Write out the whole listing exactly; no images belong in it.

## PROVIDED MATERIAL
········

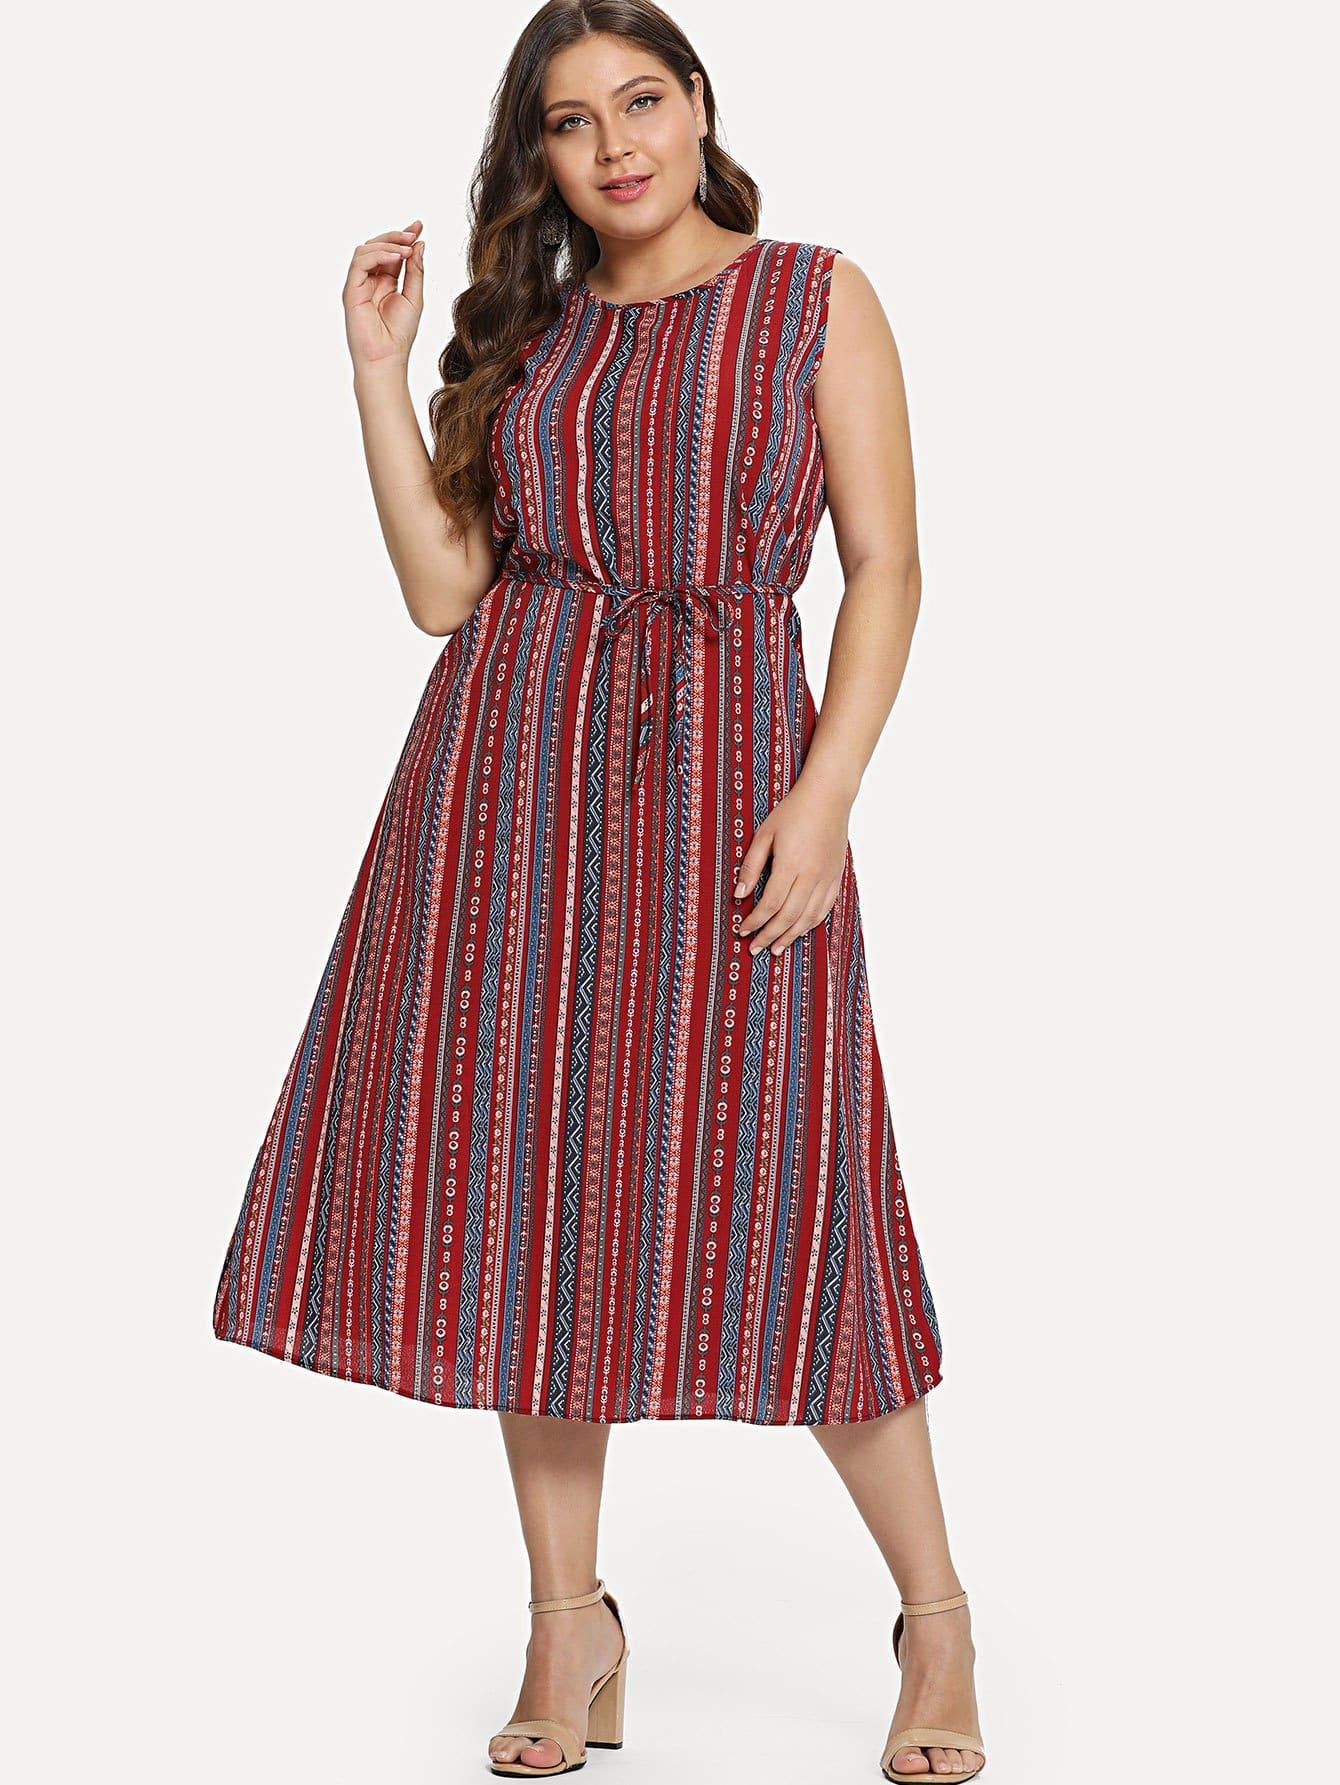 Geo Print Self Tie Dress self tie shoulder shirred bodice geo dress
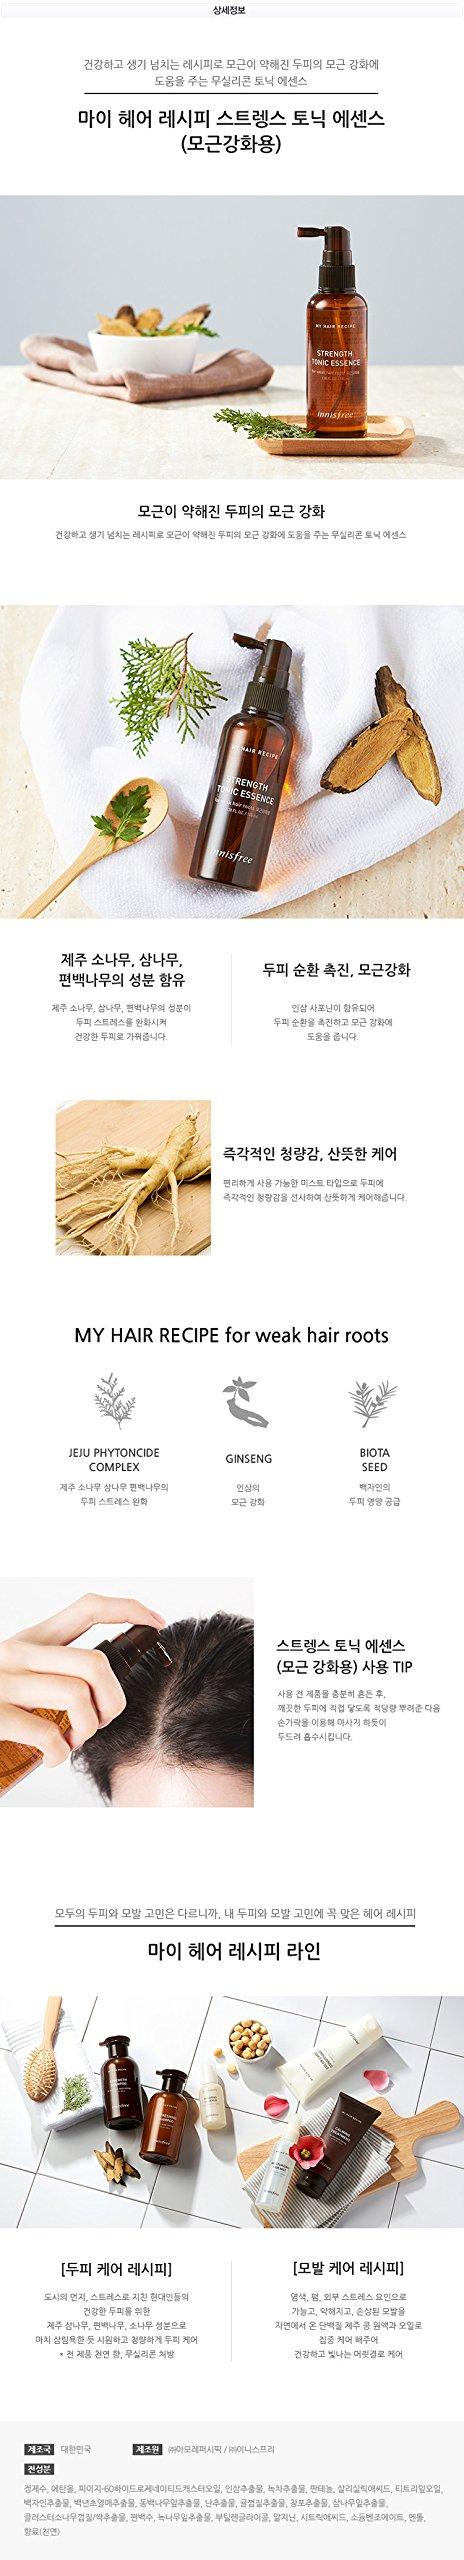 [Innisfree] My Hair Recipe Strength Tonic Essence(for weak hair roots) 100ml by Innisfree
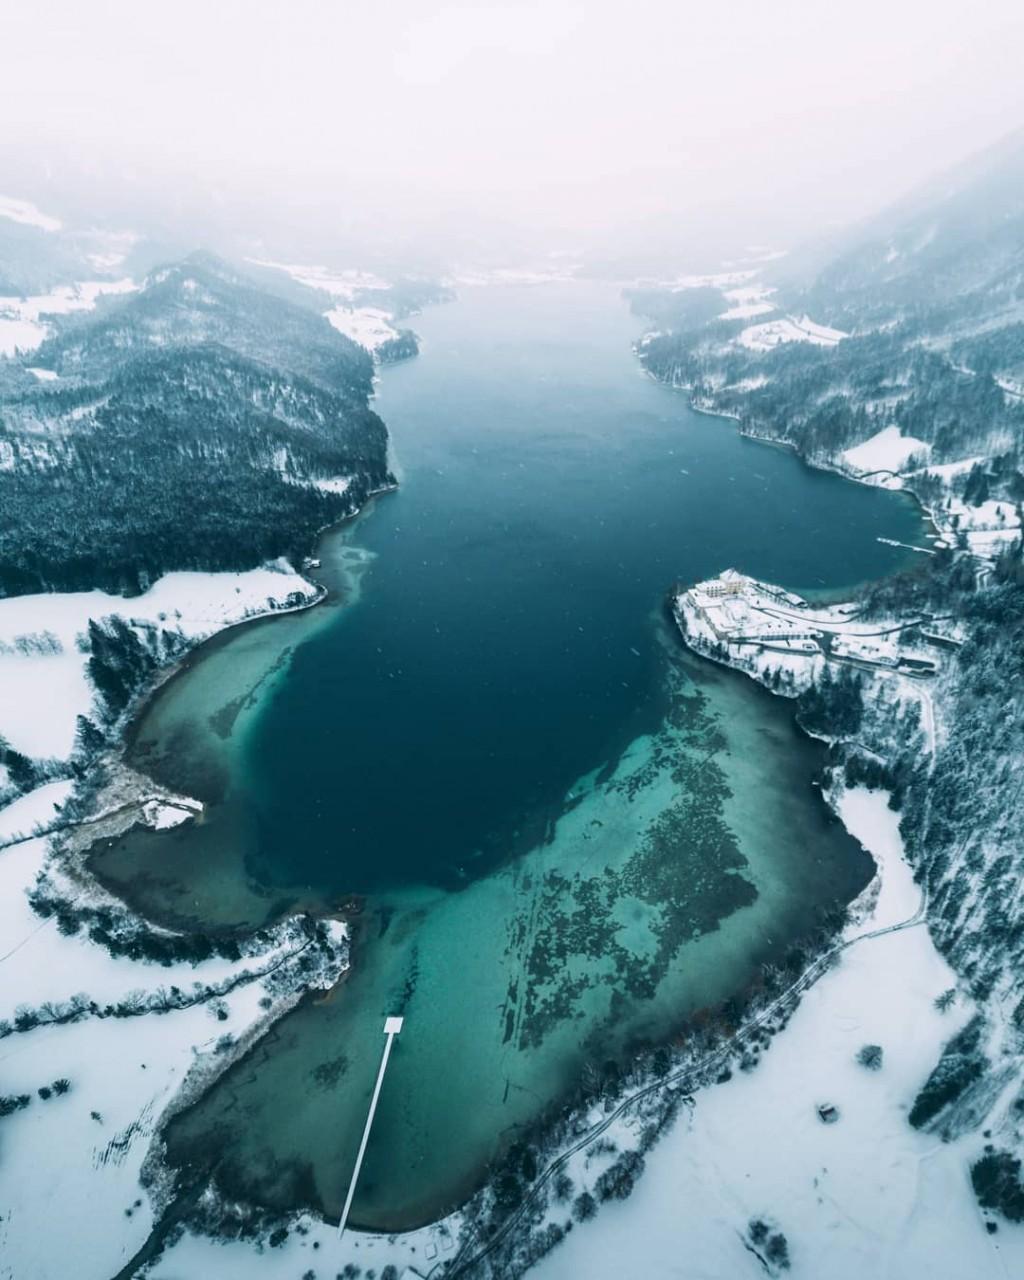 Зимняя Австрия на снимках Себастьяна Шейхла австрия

········

## REPLY
 Geo Print Self Tie Dress self tie shoulder shirred bodice geo dress
 [Innisfree] My Hair Recipe Strength Tonic Essence(for weak hair roots) 100ml by Innisfree
 Зимняя Австрия на снимках Себастьяна Шейхла австрия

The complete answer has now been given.